Records for processing: Begin

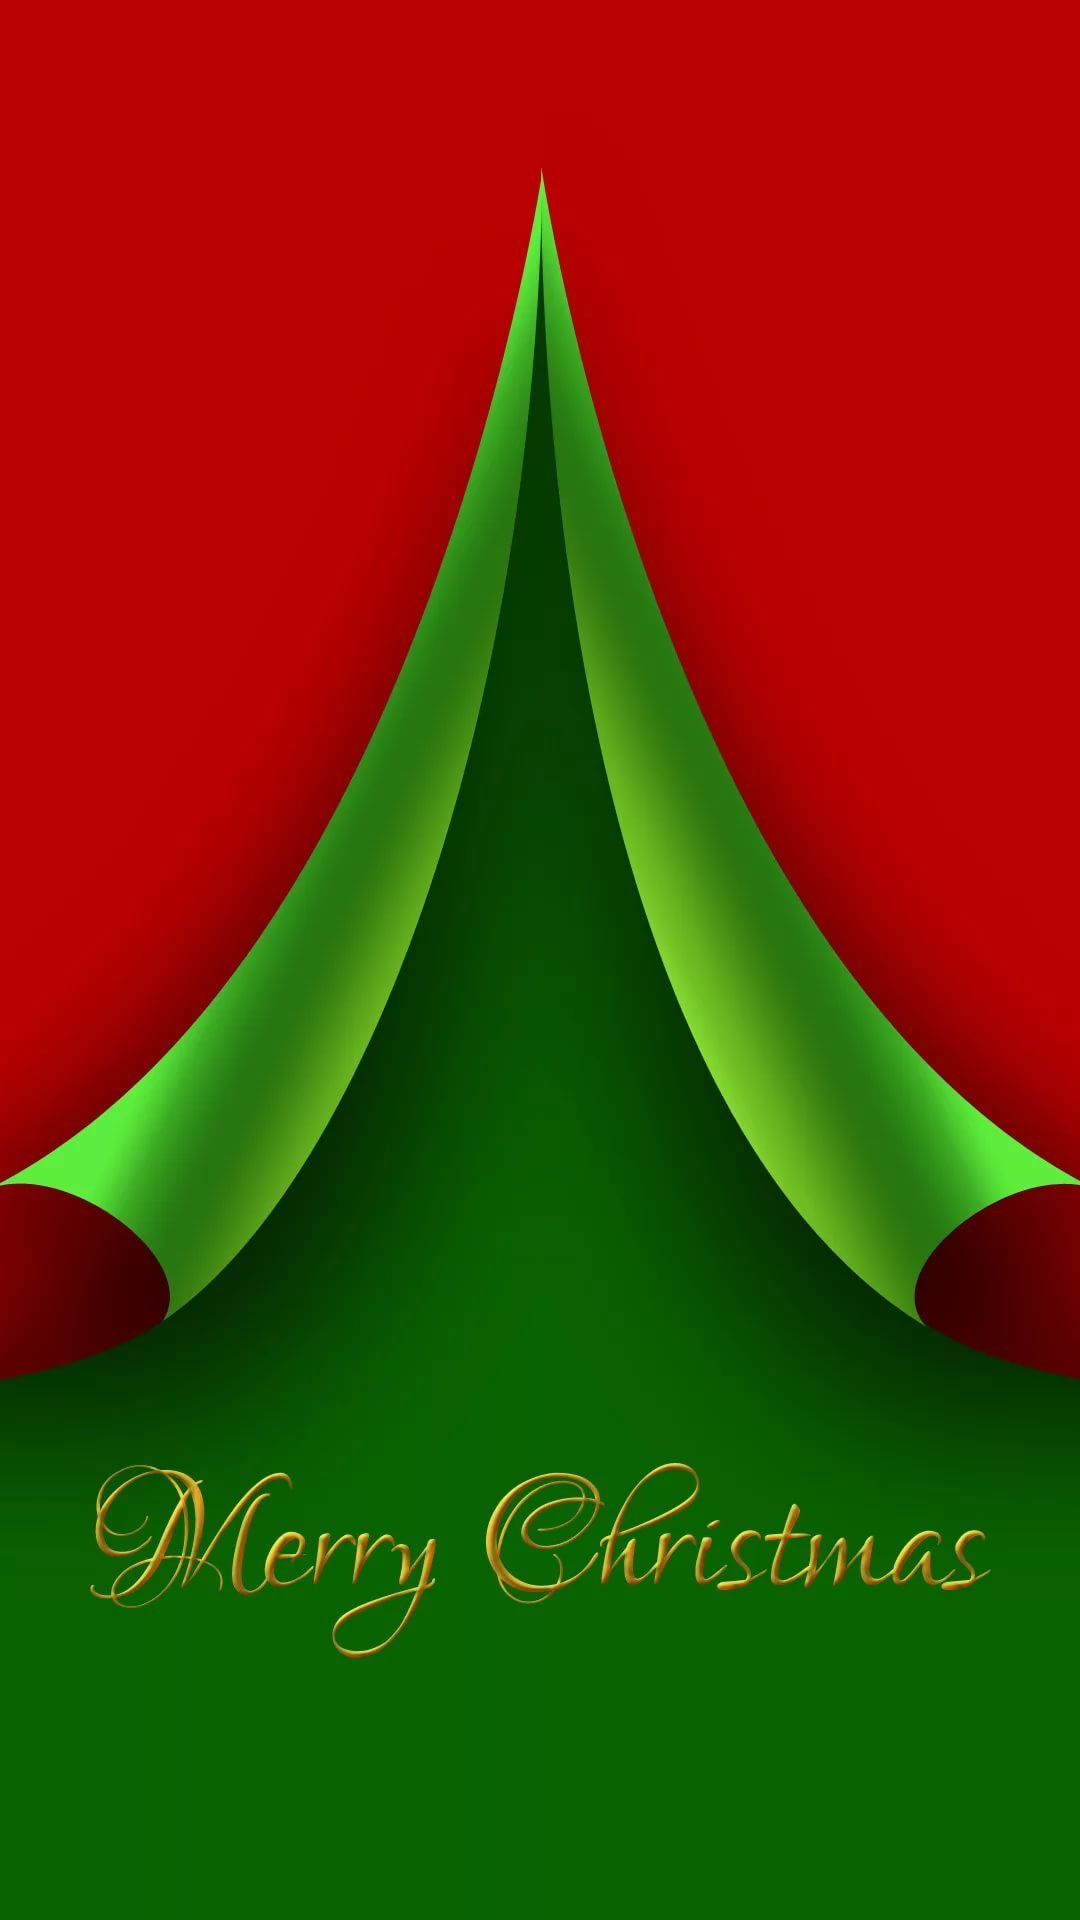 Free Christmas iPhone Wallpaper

Records for processing: End
Records for processing: Begin

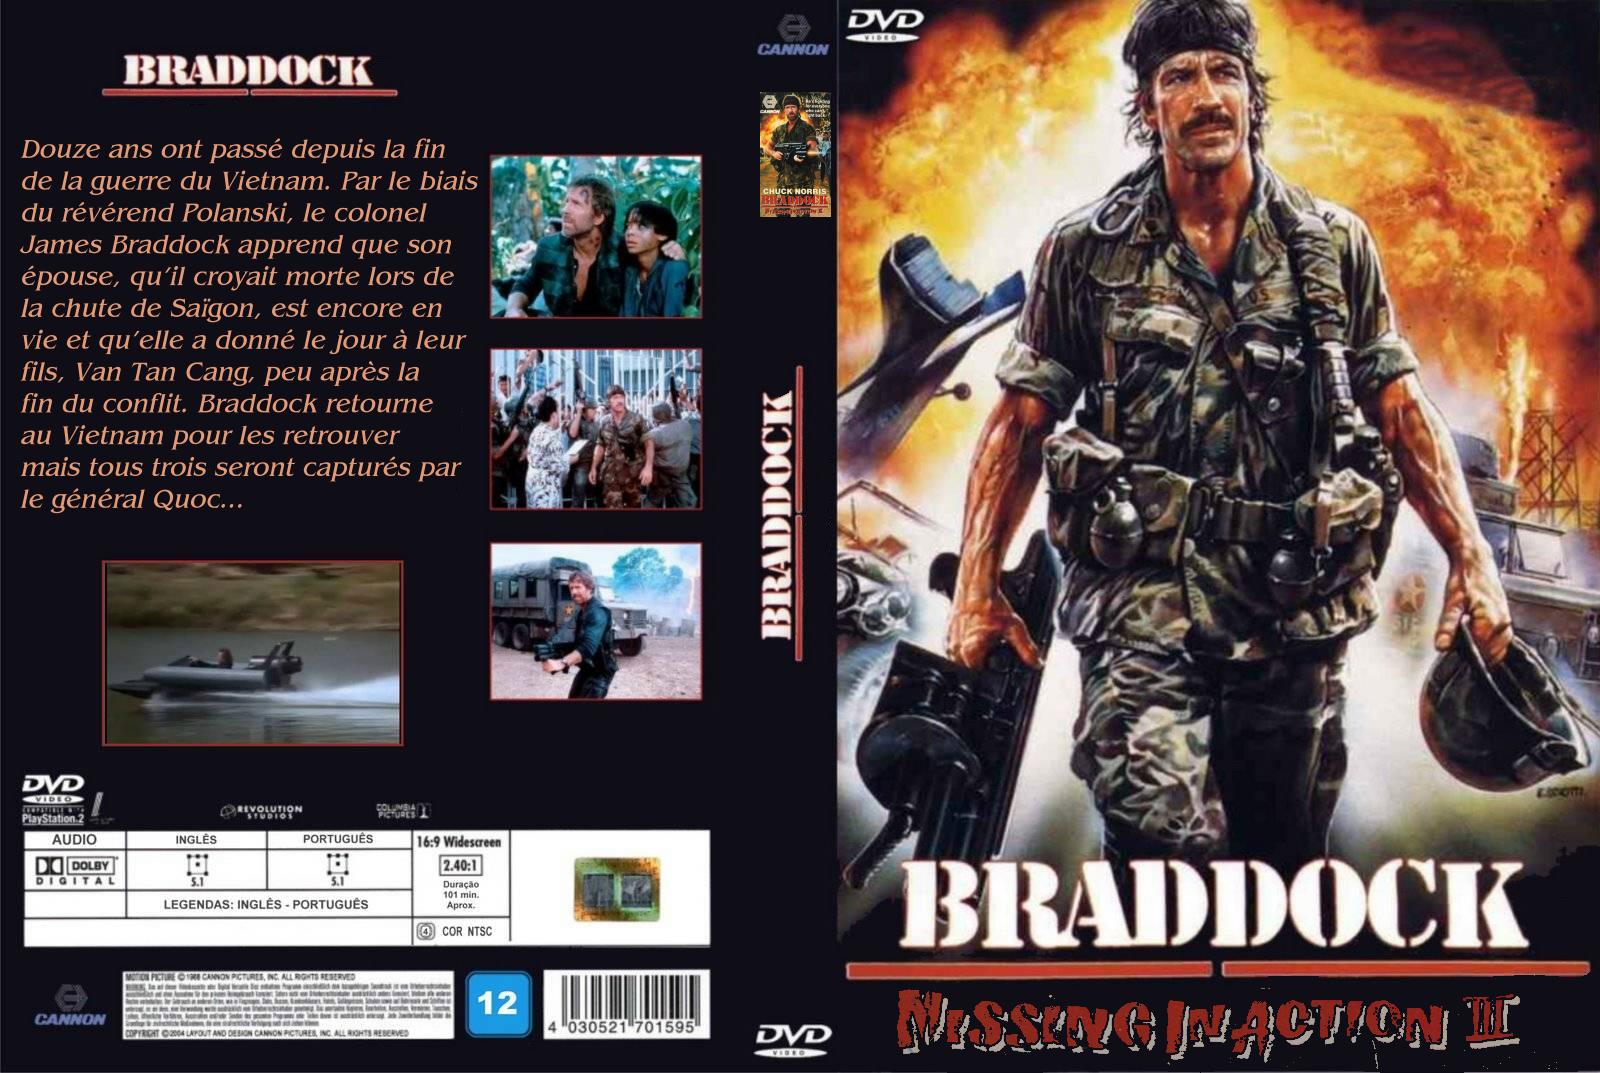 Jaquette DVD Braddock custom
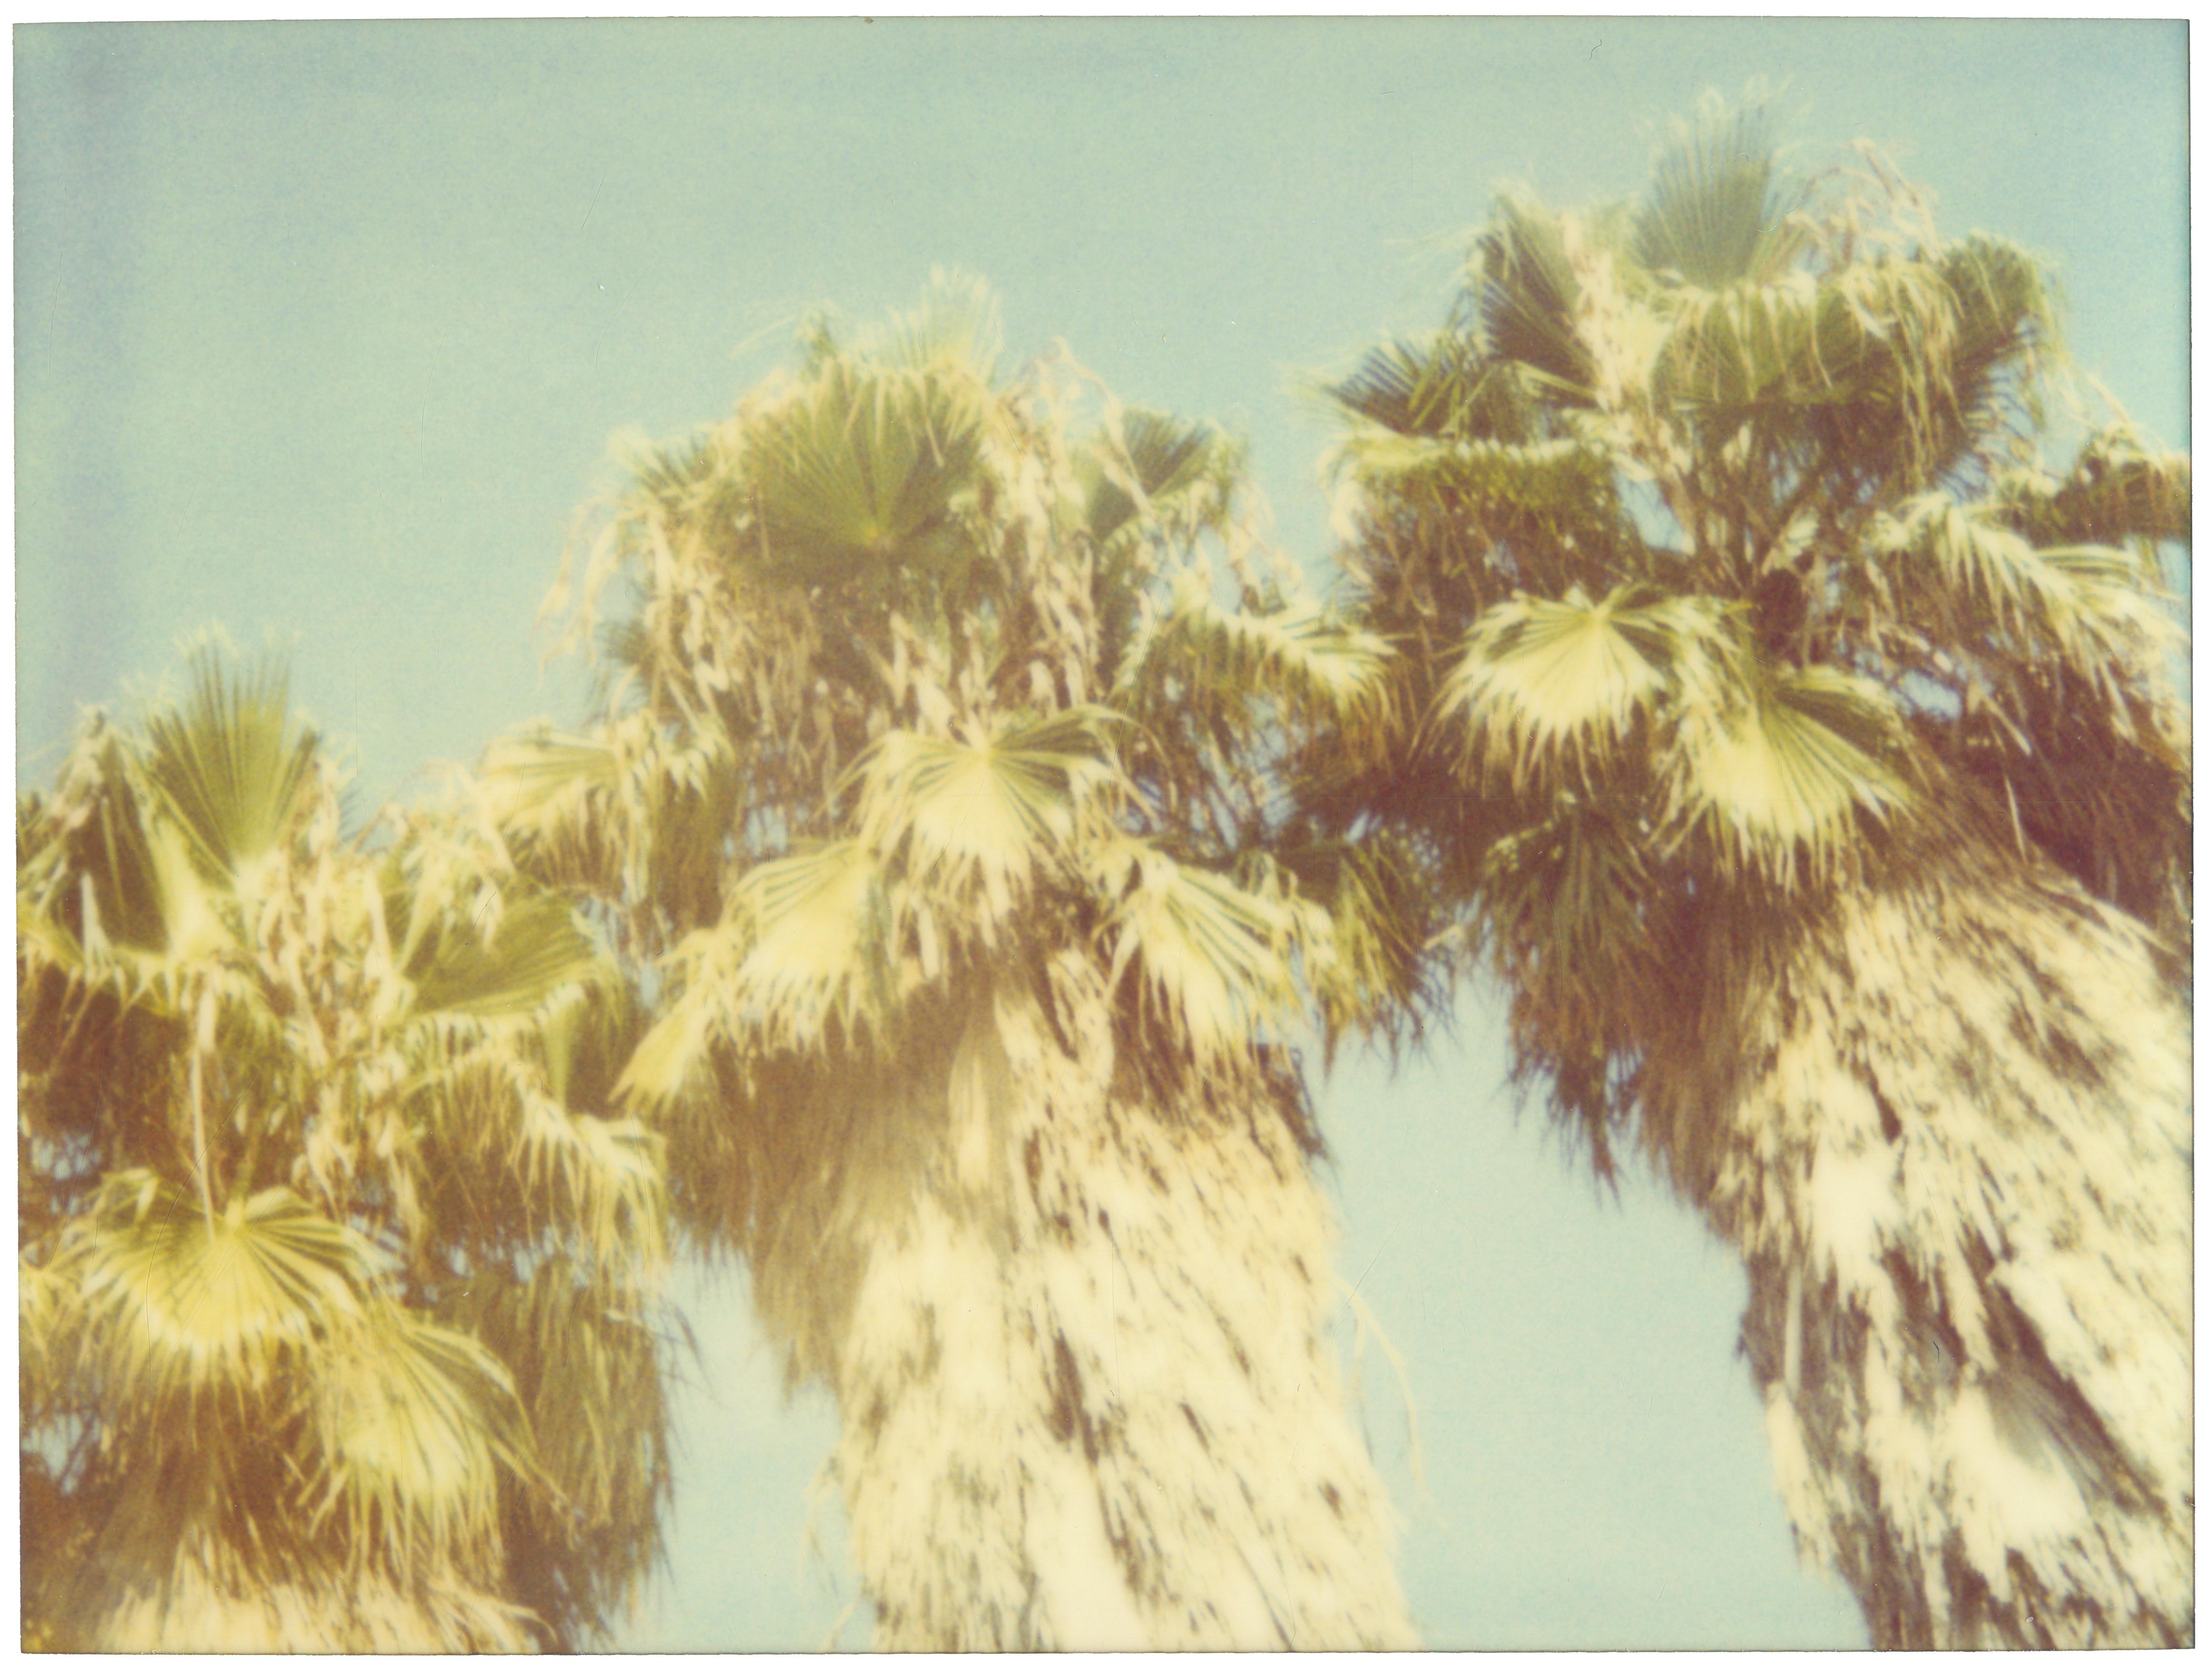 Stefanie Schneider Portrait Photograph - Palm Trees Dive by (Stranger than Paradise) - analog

Records for processing: End

**Exercise prompt:**
What you return must match the lines above from the one with "Jaquette DVD Braddock custom" through the one with "Stefanie Schneider Portrait" exactly, with both ends included and the pictures excluded.

**Response to this task:**
 Jaquette DVD Braddock custom
 Stefanie Schneider Portrait Photograph - Palm Trees Dive by (Stranger than Paradise) - analog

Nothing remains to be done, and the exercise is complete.